**What the exercise asks**
Every line from the one with "Huddersfield, UK. 13th" up to and including the one with "Southshore Fine Linens" is to be output exactly as it appears below; pictures are not.

**Records for this task**

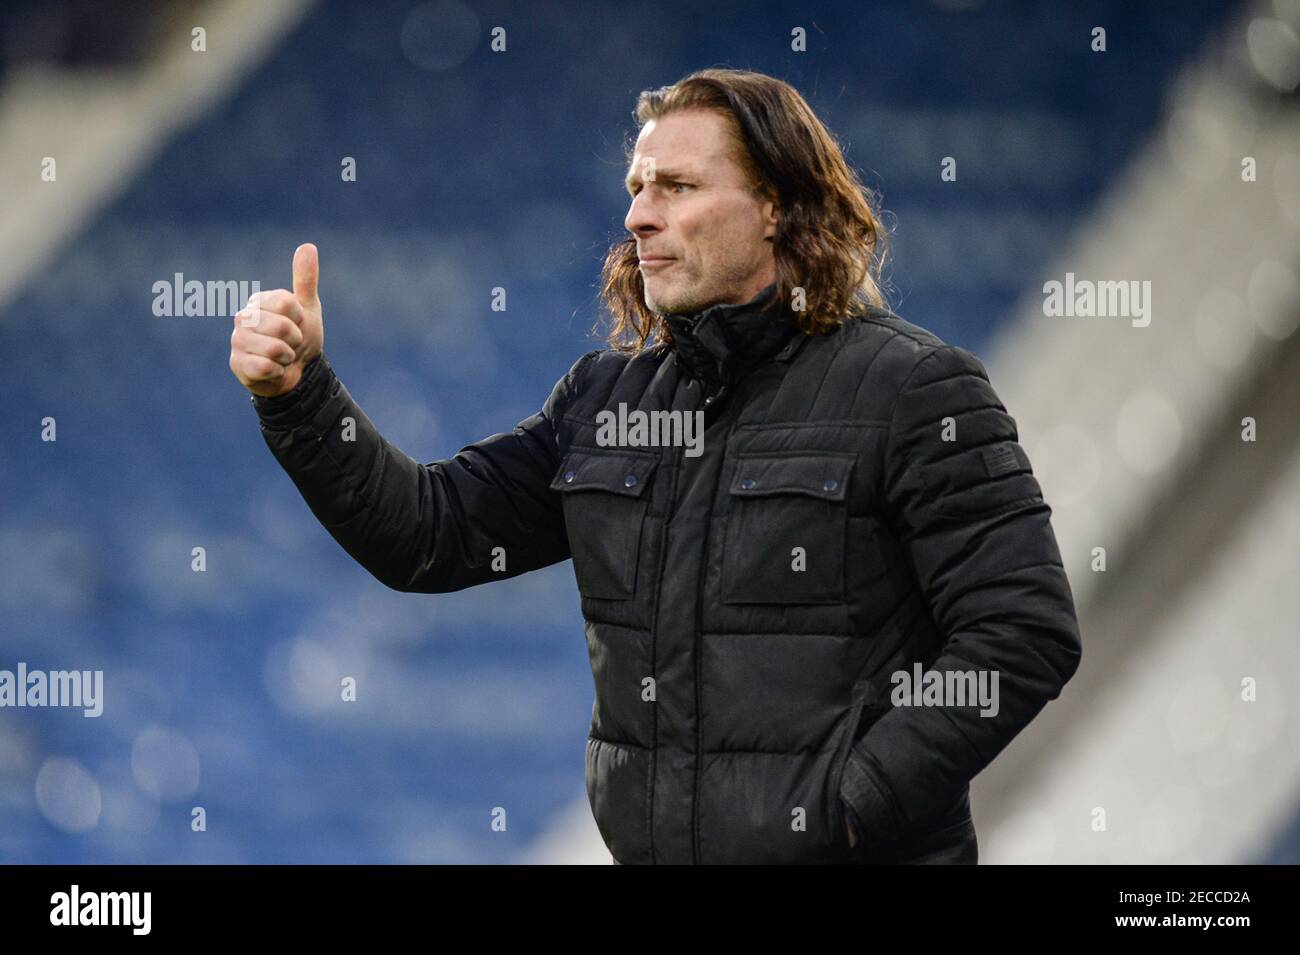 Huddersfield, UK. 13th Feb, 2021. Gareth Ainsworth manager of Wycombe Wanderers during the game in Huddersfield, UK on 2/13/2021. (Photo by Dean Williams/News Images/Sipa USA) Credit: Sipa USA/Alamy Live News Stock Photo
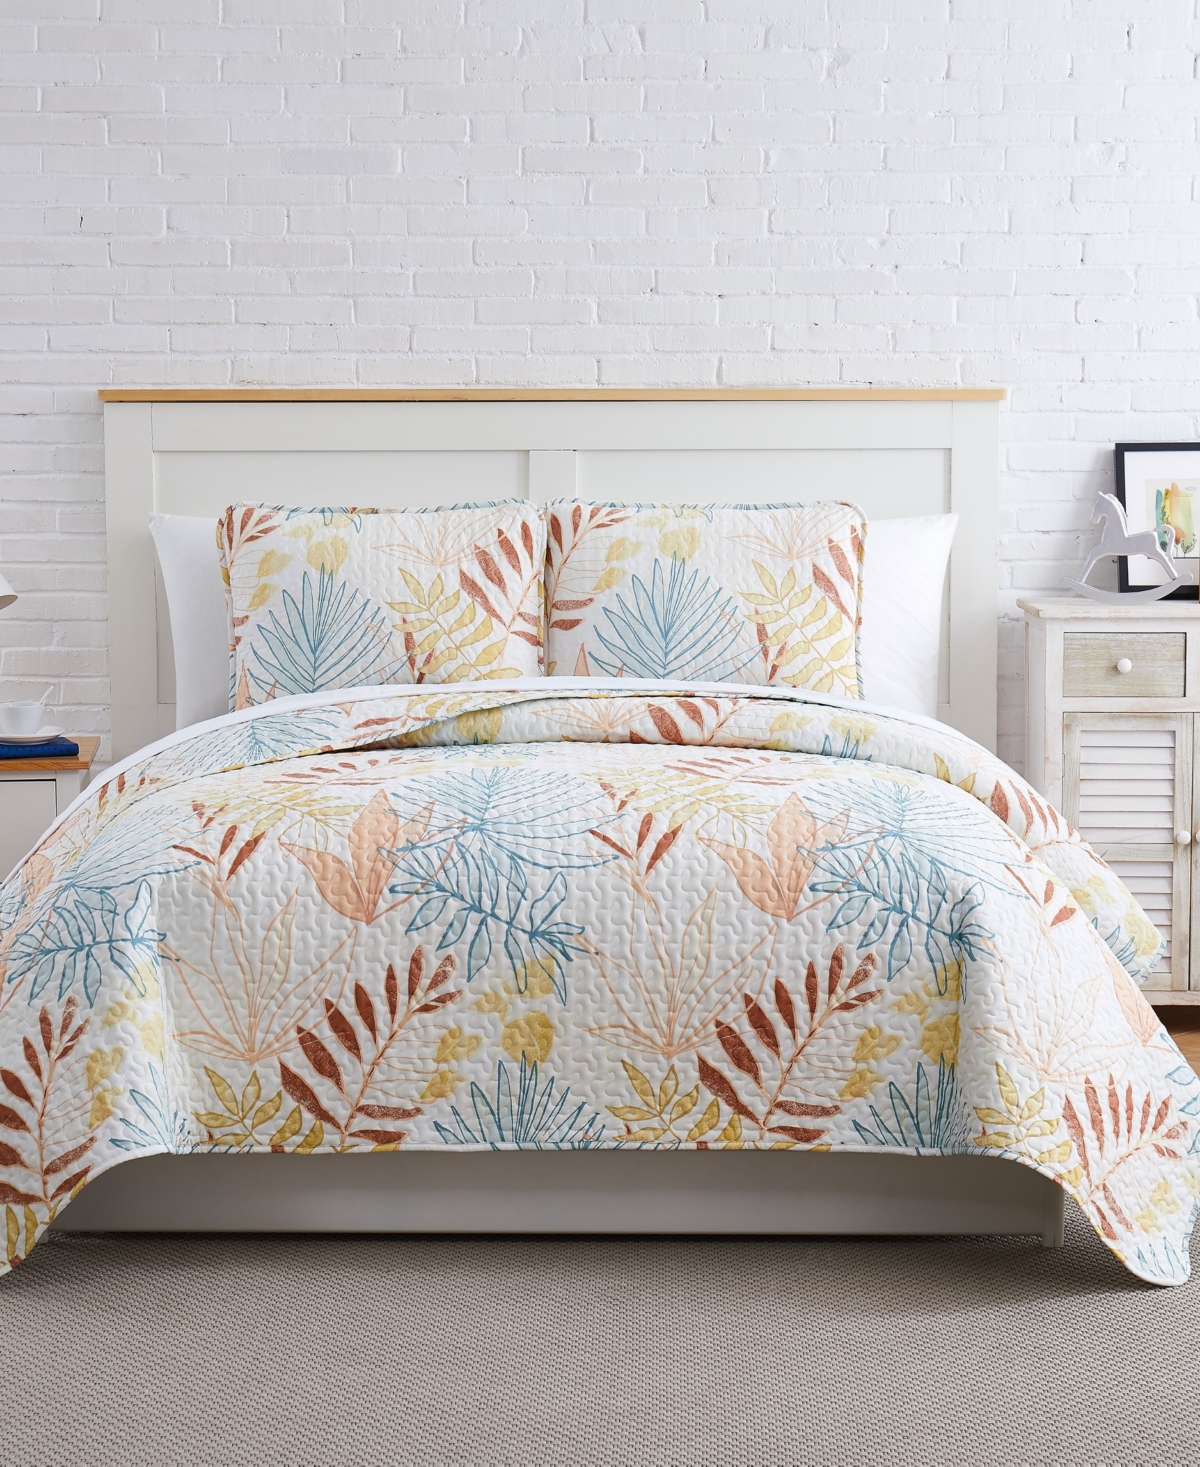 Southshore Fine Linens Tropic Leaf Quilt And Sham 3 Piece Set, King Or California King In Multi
---
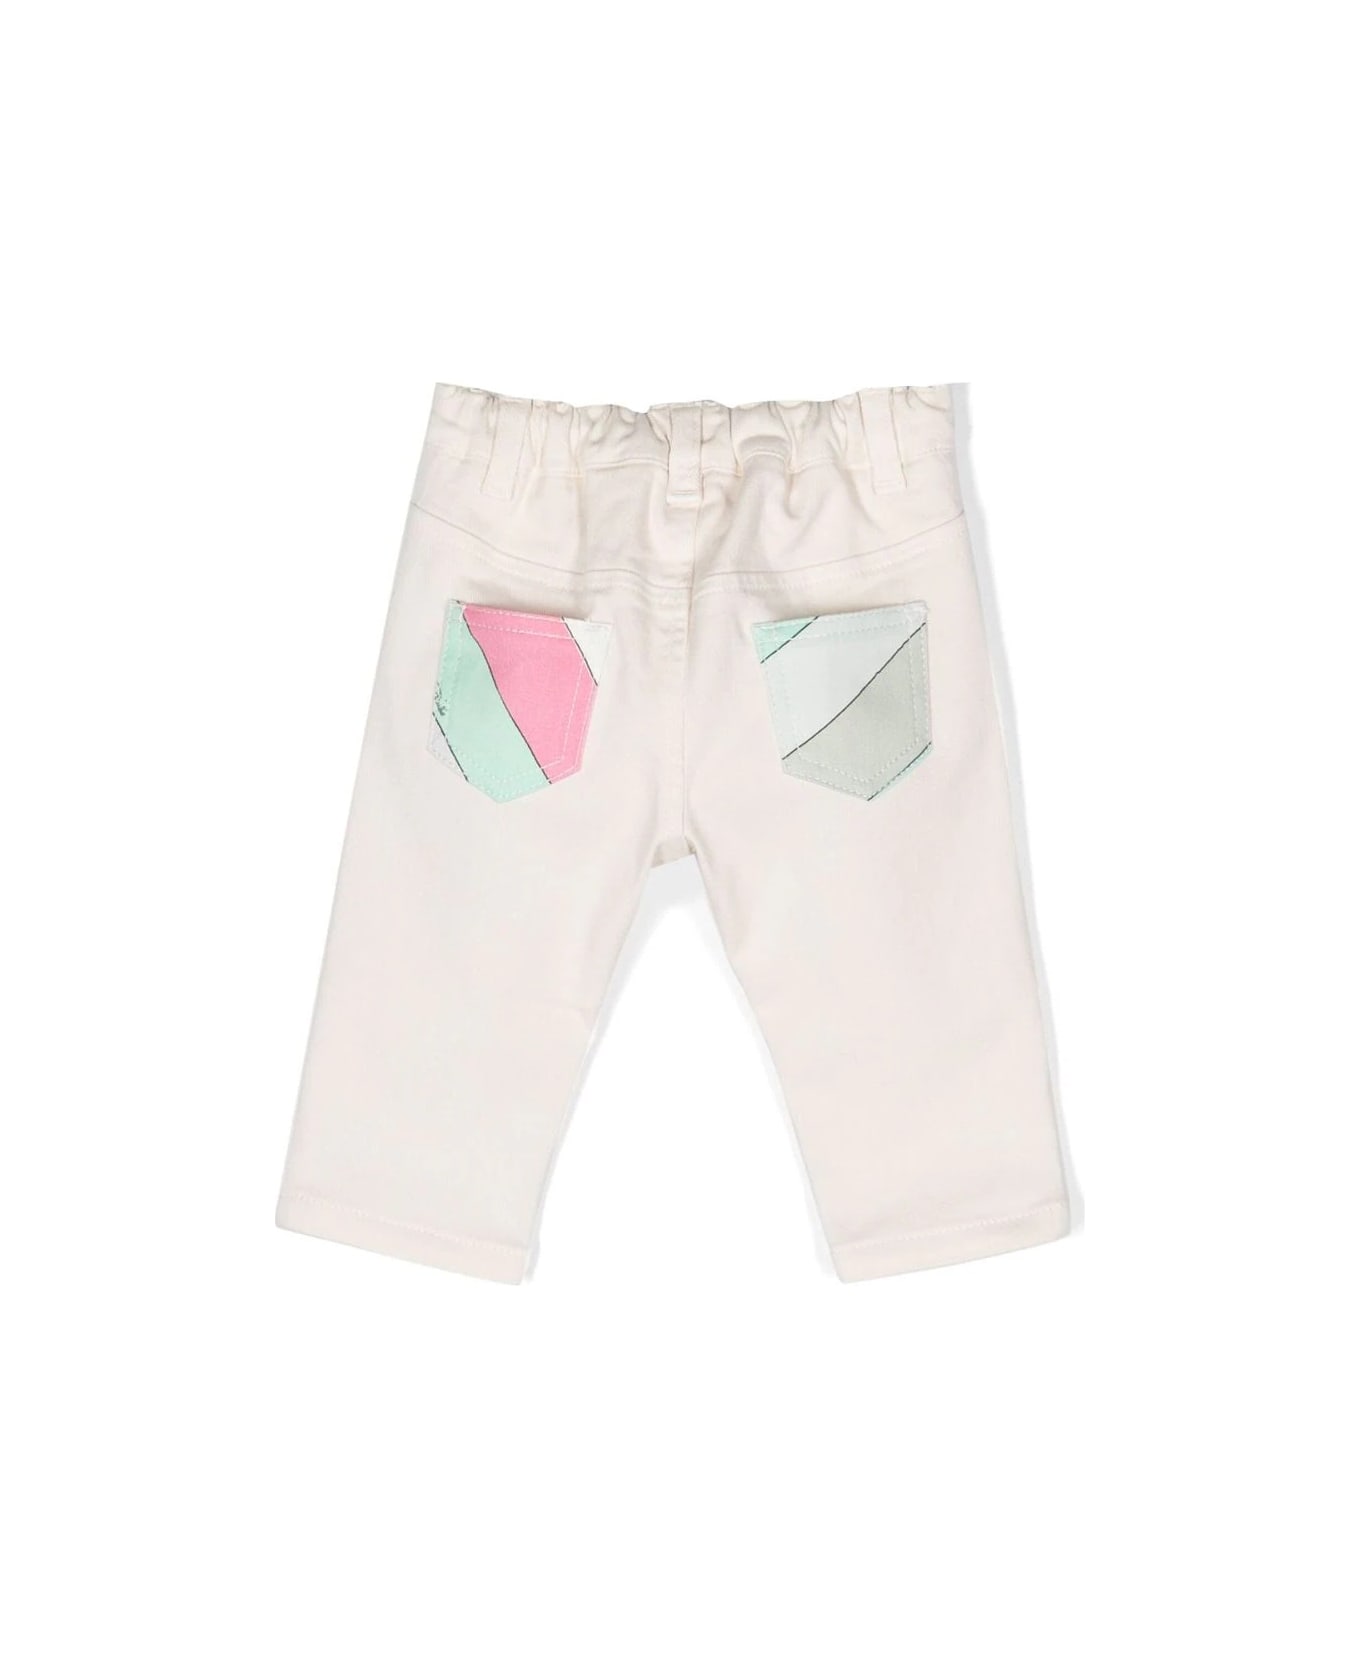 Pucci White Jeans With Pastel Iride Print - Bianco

**Task response**
 Huddersfield, UK. 13th Feb, 2021. Gareth Ainsworth manager of Wycombe Wanderers during the game in Huddersfield, UK on 2/13/2021. (Photo by Dean Williams/News Images/Sipa USA) Credit: Sipa USA/Alamy Live News Stock Photo
 Southshore Fine Linens Tropic Leaf Quilt And Sham 3 Piece Set, King Or California King In Multi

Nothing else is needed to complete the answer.